I freed myself from that hug for it doesn't feel much of a comfort anymore. I thumped my chest three times for I can't even feel my breath.

"Lucy, let's talk it over.", he said lending his arms but I am stepping back away from him.

"I trusted you."

"I know. And yes you have to trust me."

"After making a fool out of me? Telling me my father's alive?"

"Lucy, I am saving you from the wrong person. You have to believe in me."

"After you lying constantly? Sense of responsibility? You suck at handling responsibilities that's the truth. And yes you're right, I trusted the wrong person because I chose to trust you."

"Lucy let's talk it over. You have to hear me out. All of those things are true."

"Nothing's true than your lies. Let's end this all up.", I said, trying to compose myself even though it hurts me.

"End what? Lucy no! I love you."

I shook my head after hearing those words.

"Let's just end this up. Give me my key."

"Lucy you're not even fine. You can't drive alone."

"Give me my key.", my voice even cracked more.

I saw his eyes diffused. I can tell by that look that he is worried about me but I know that he feels pity for me too.

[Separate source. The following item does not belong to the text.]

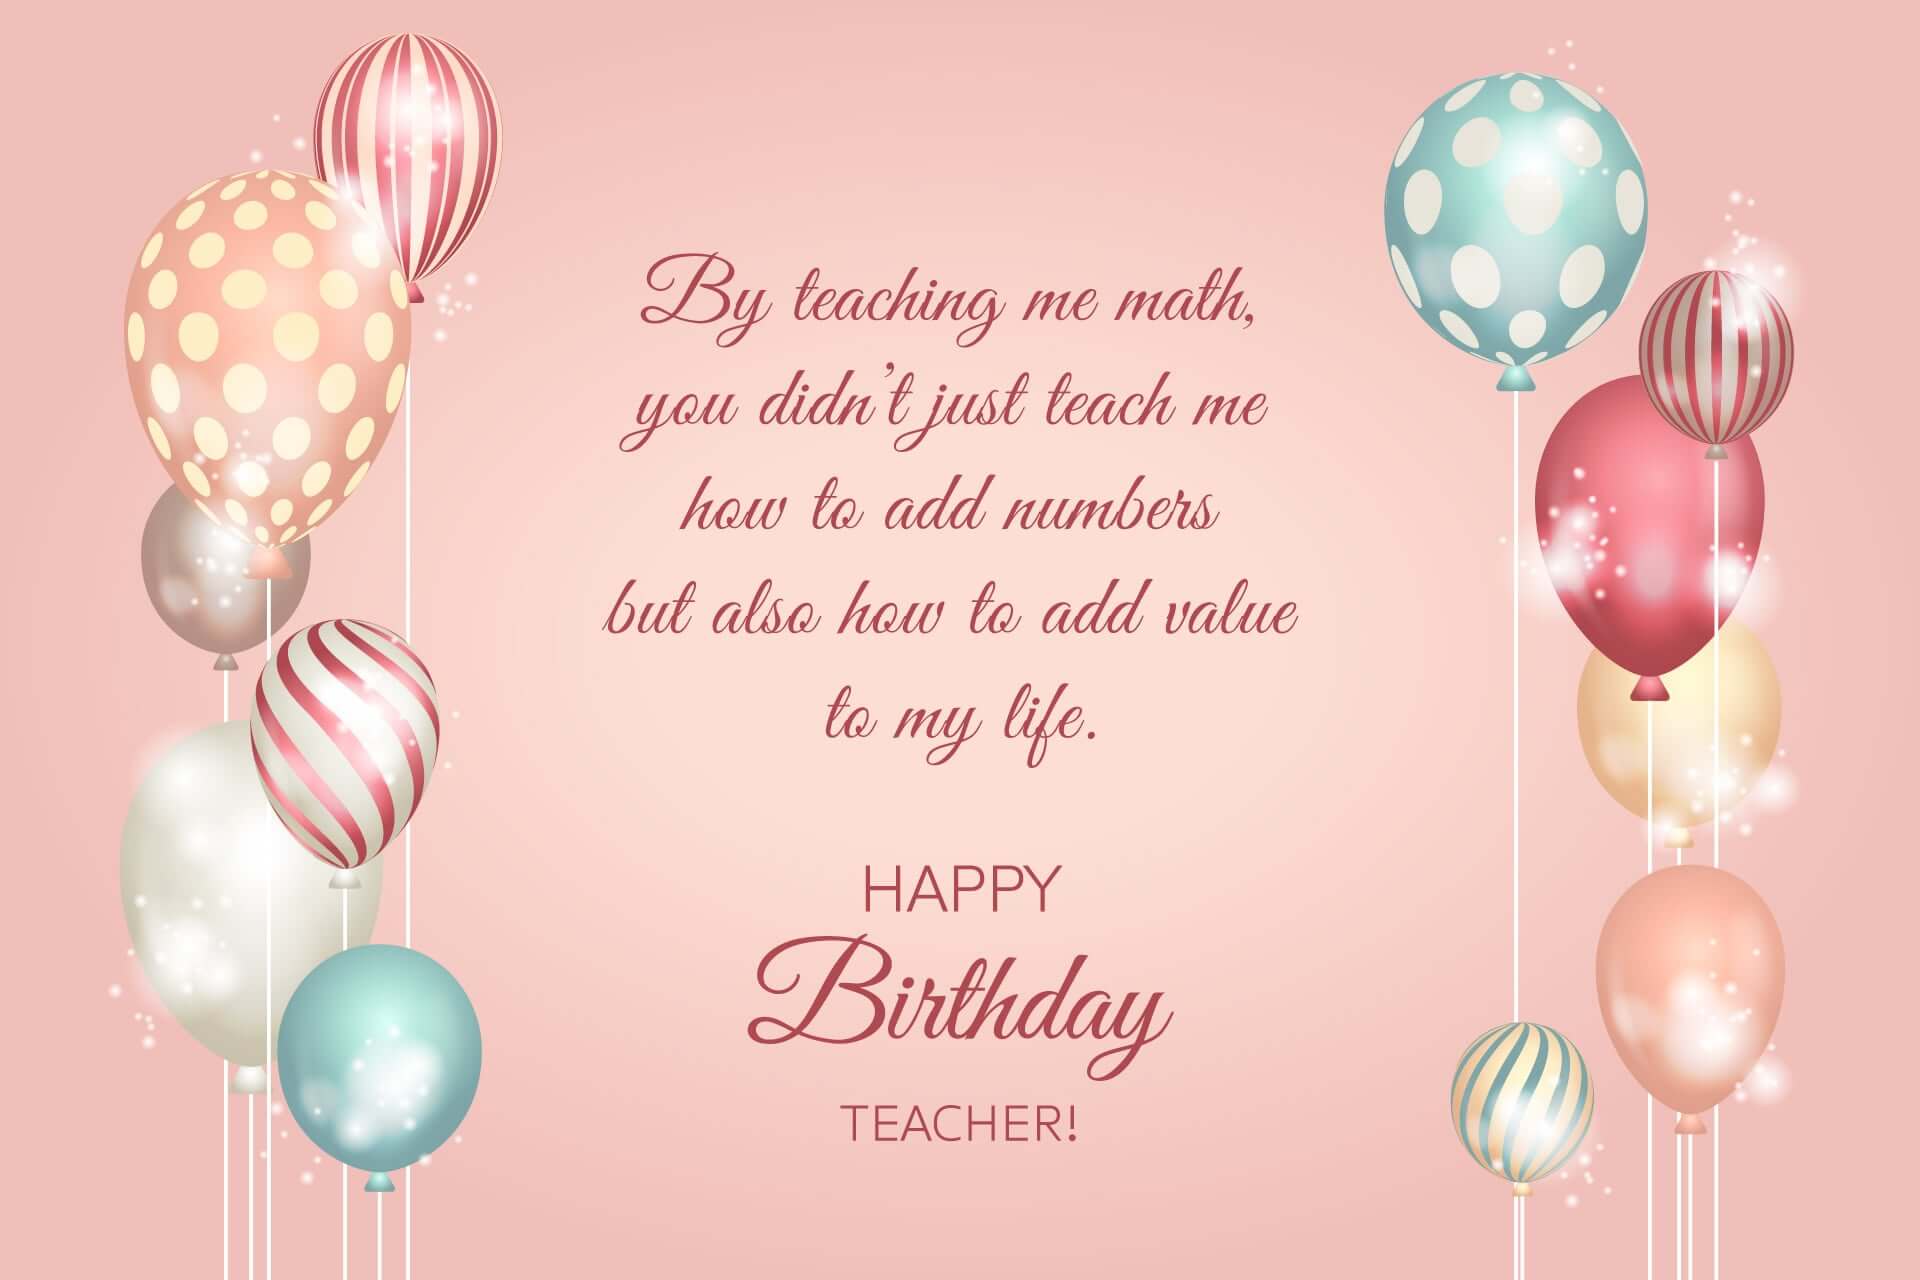 Happy Birthday Wishes for Teacher. Best Birthday Wishes 2020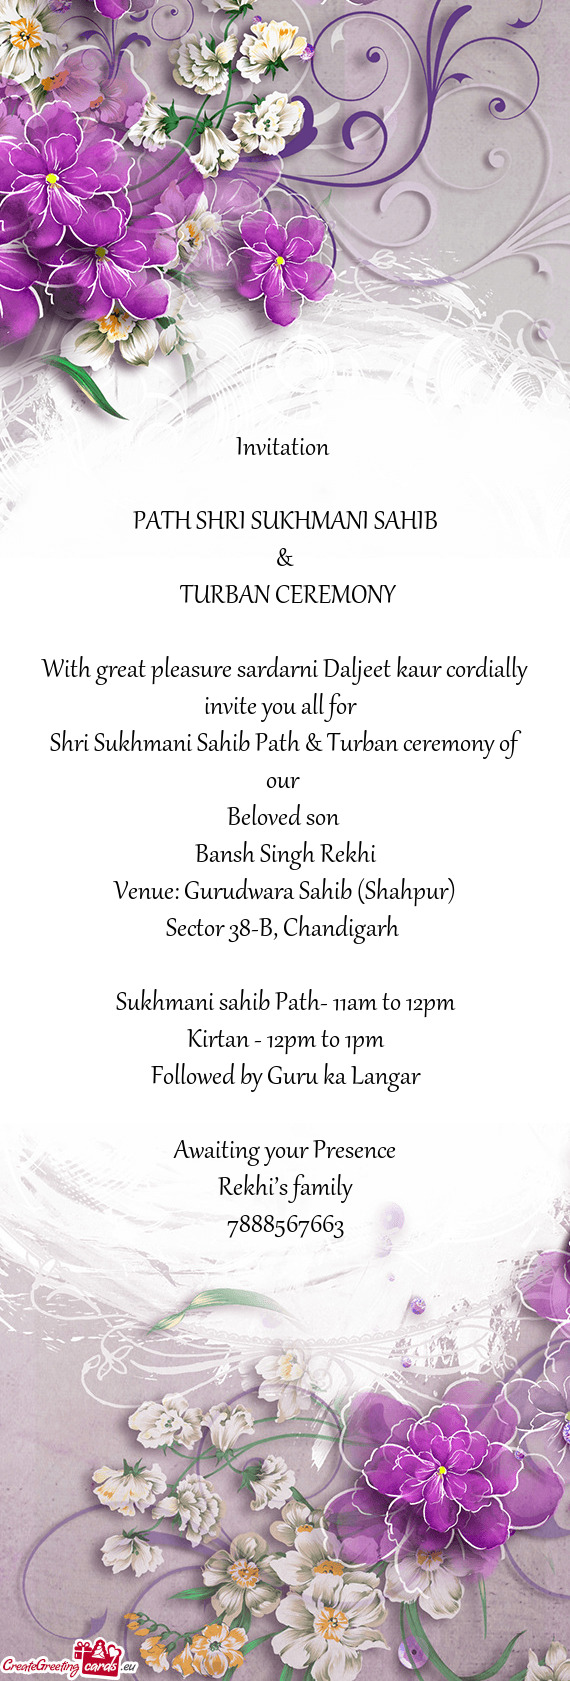 With great pleasure sardarni Daljeet kaur cordially invite you all for

I lend my hand expecting him to drop my key to it. He gave my key back to me and stepped away from my car. He isn't looking at me. He is crying as well.

I immediately went inside the car and pass through him as if he is nothing. He even held me in my wrist and said:

"Lucy, I'll be always here. I'll wait for you. I love you."

I drove maybe about two kilometers away from that place before I hit a full stop, placing my head on the steering wheel. That was my dad's favorite place but it is now more of a heartbreak.

This is the first time that I felt something like this for someone. For 18 years straight, I never had this kind of feeling before. Is love really this complicated? Is this love story of us gonna end as complicated as mom Kelly and that Alexander's relationship?